Death and Realism in Buddenbrooks and The Brothers Karamazov

The project of realism is often narrowly understood as being closely married to the visual. In breaking the taboos of previous literature, it rendered visible what had long been obscured by propriety and so easily becomes synonymous with the whipping away of a cloak or screen or the application of a magnifying glass. This mode of speaking about realism in terms of visual metaphor is useful, however, only so long as it does not serve to limit our understanding of realism’s full capabilities. For many novels of nineteenth century realism—Thomas Mann’s Buddenbrooks being just one example—the portrayal of death was just such a mode of visual taboo breaking, wherein the physical fact of death became central to understanding it more fully than the obfuscation of delicacy, propriety, and fear had before allowed.

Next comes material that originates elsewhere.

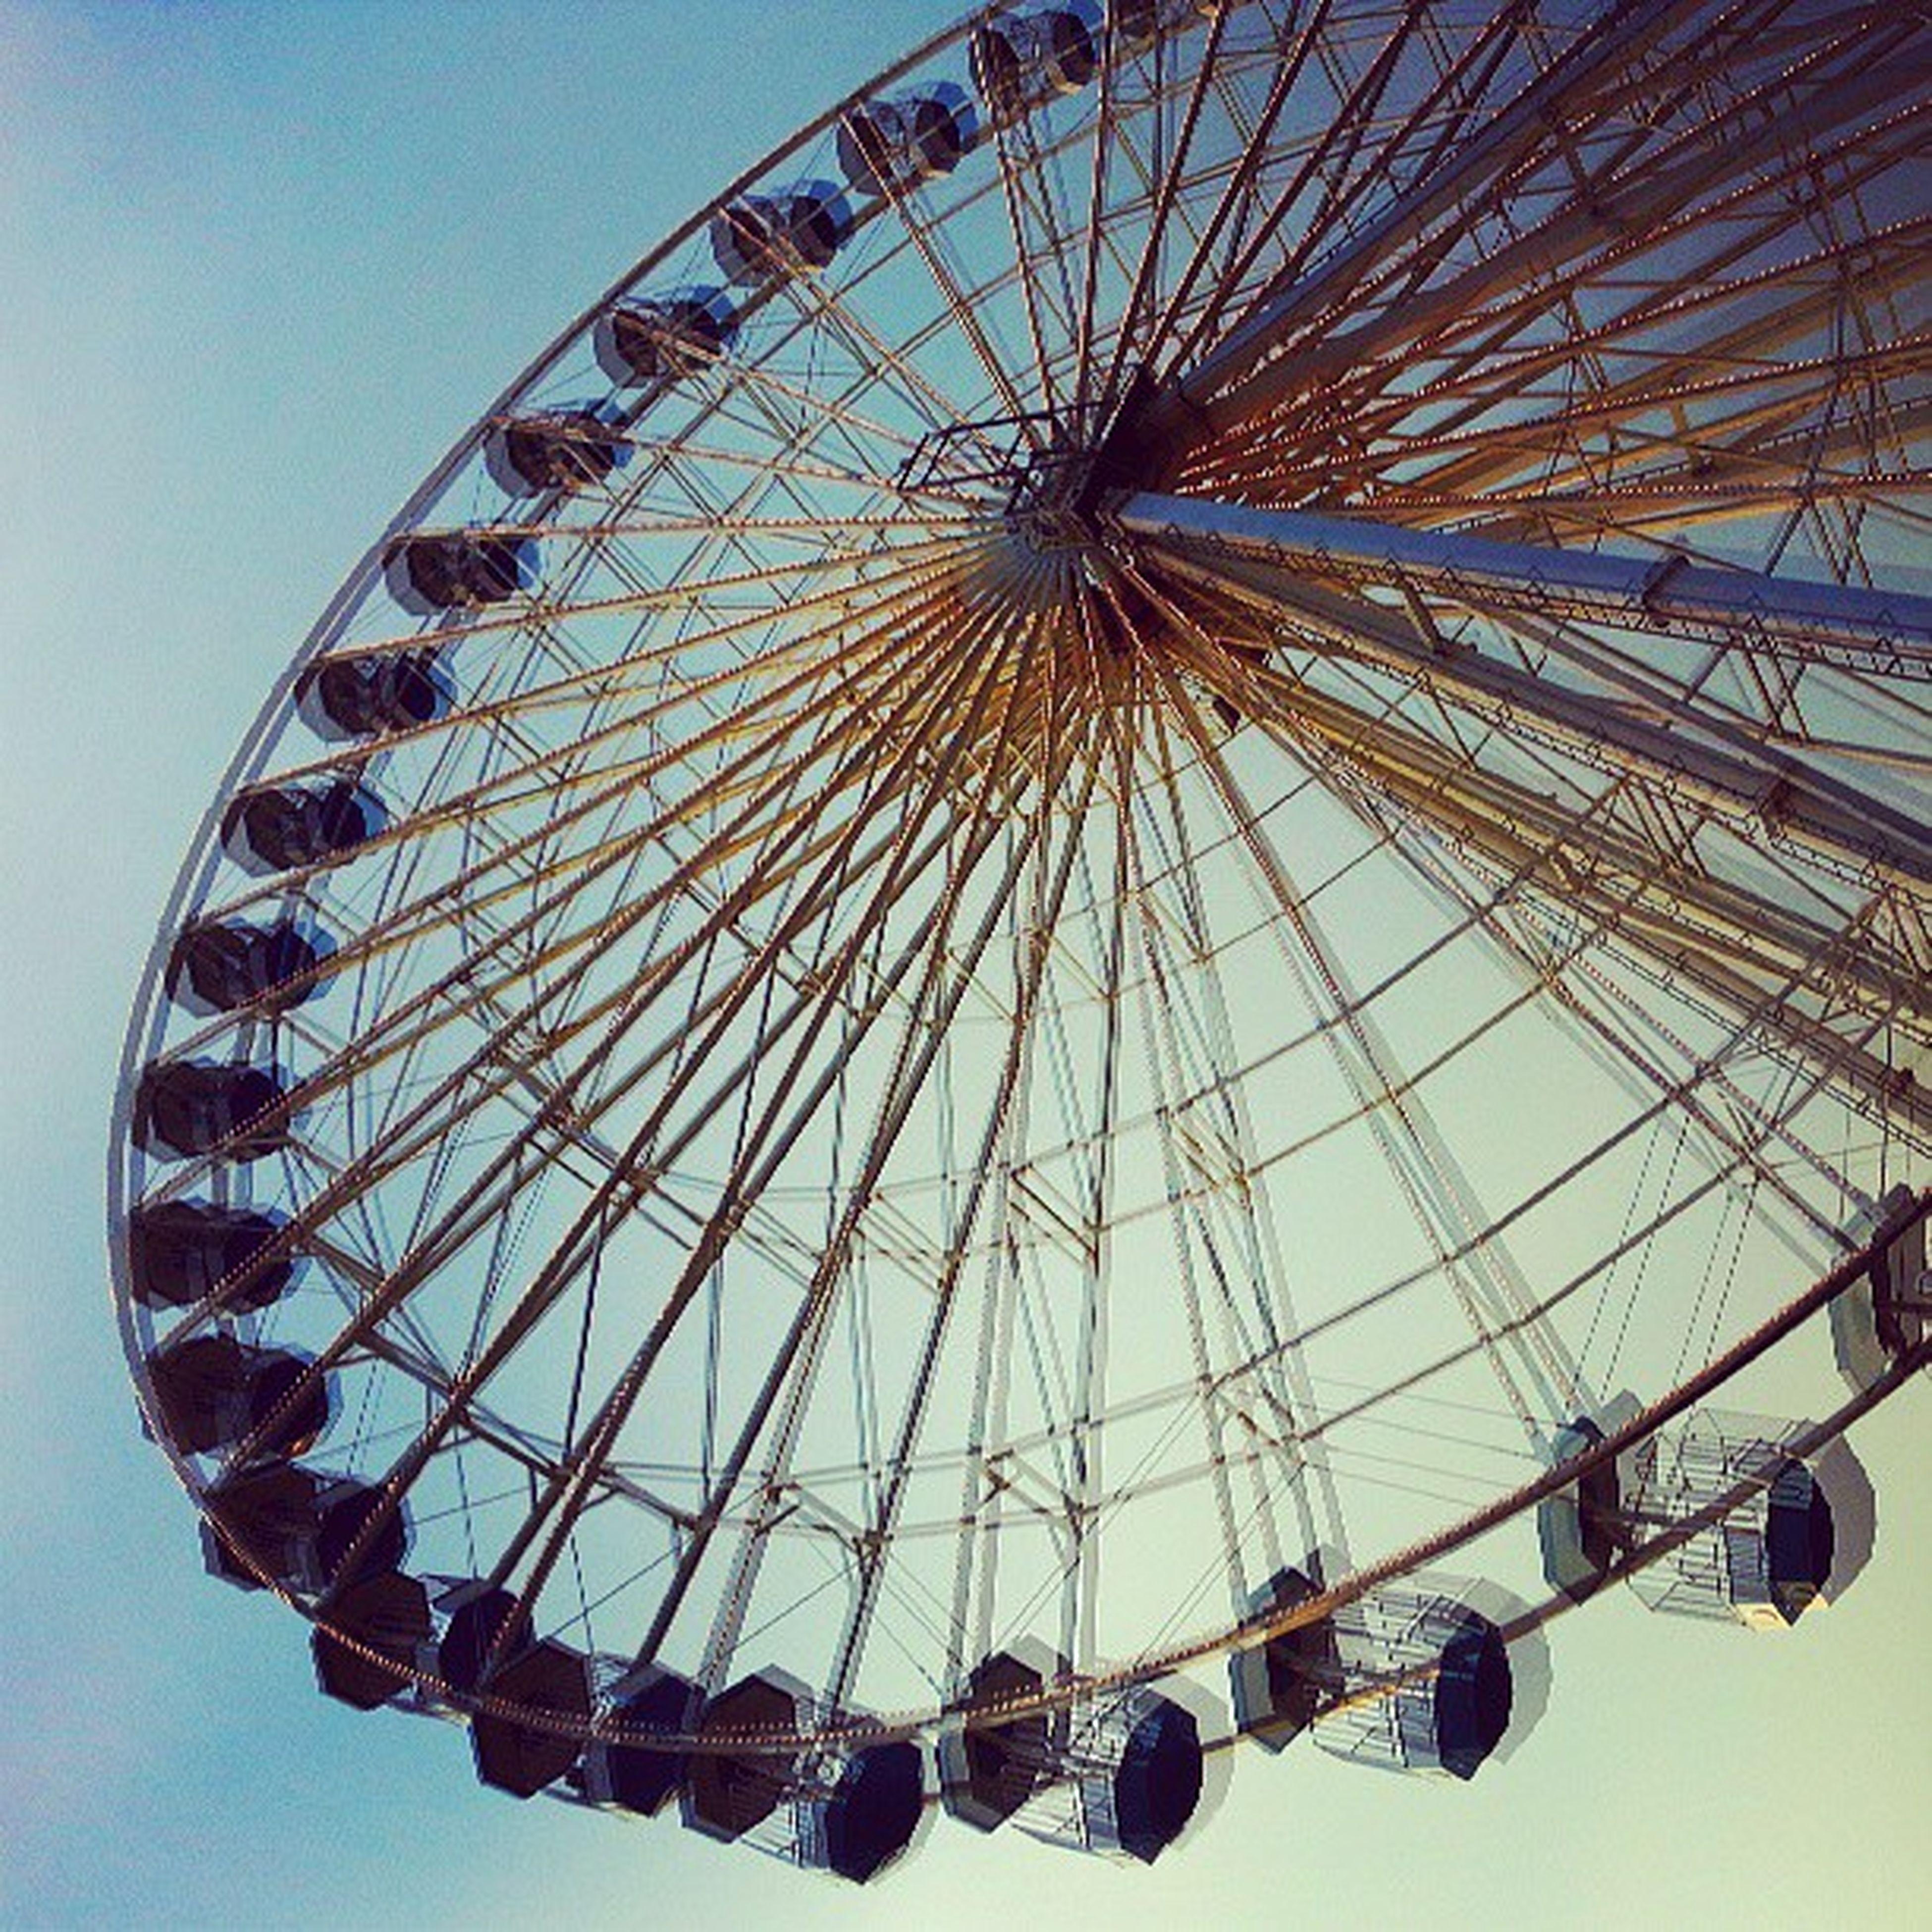 low angle view, amusement park ride, amusement park, ferris wheel, arts culture and entertainment, clear sky, built structure, sky, architecture, circle, pattern, fun, metal, day, blue, geometric shape, fairground ride, outdoors, design, no people

However, realism’s capacity for the representation of death is not limited to this emphasis of the visual and physical, but is capable, too, of the achievement of a spiritual and psychological realism as in Dostoevsky’s The Brothers Karamazov, wherein death and its complete representation are not depersonalized, as in the scientific realism of Buddenbrooks, but rather inextricably bound up in the psychology, spirit, and being of the deceased, allowing Dostoevsky to paint a complete portrait of a person only through the inclusion of their death.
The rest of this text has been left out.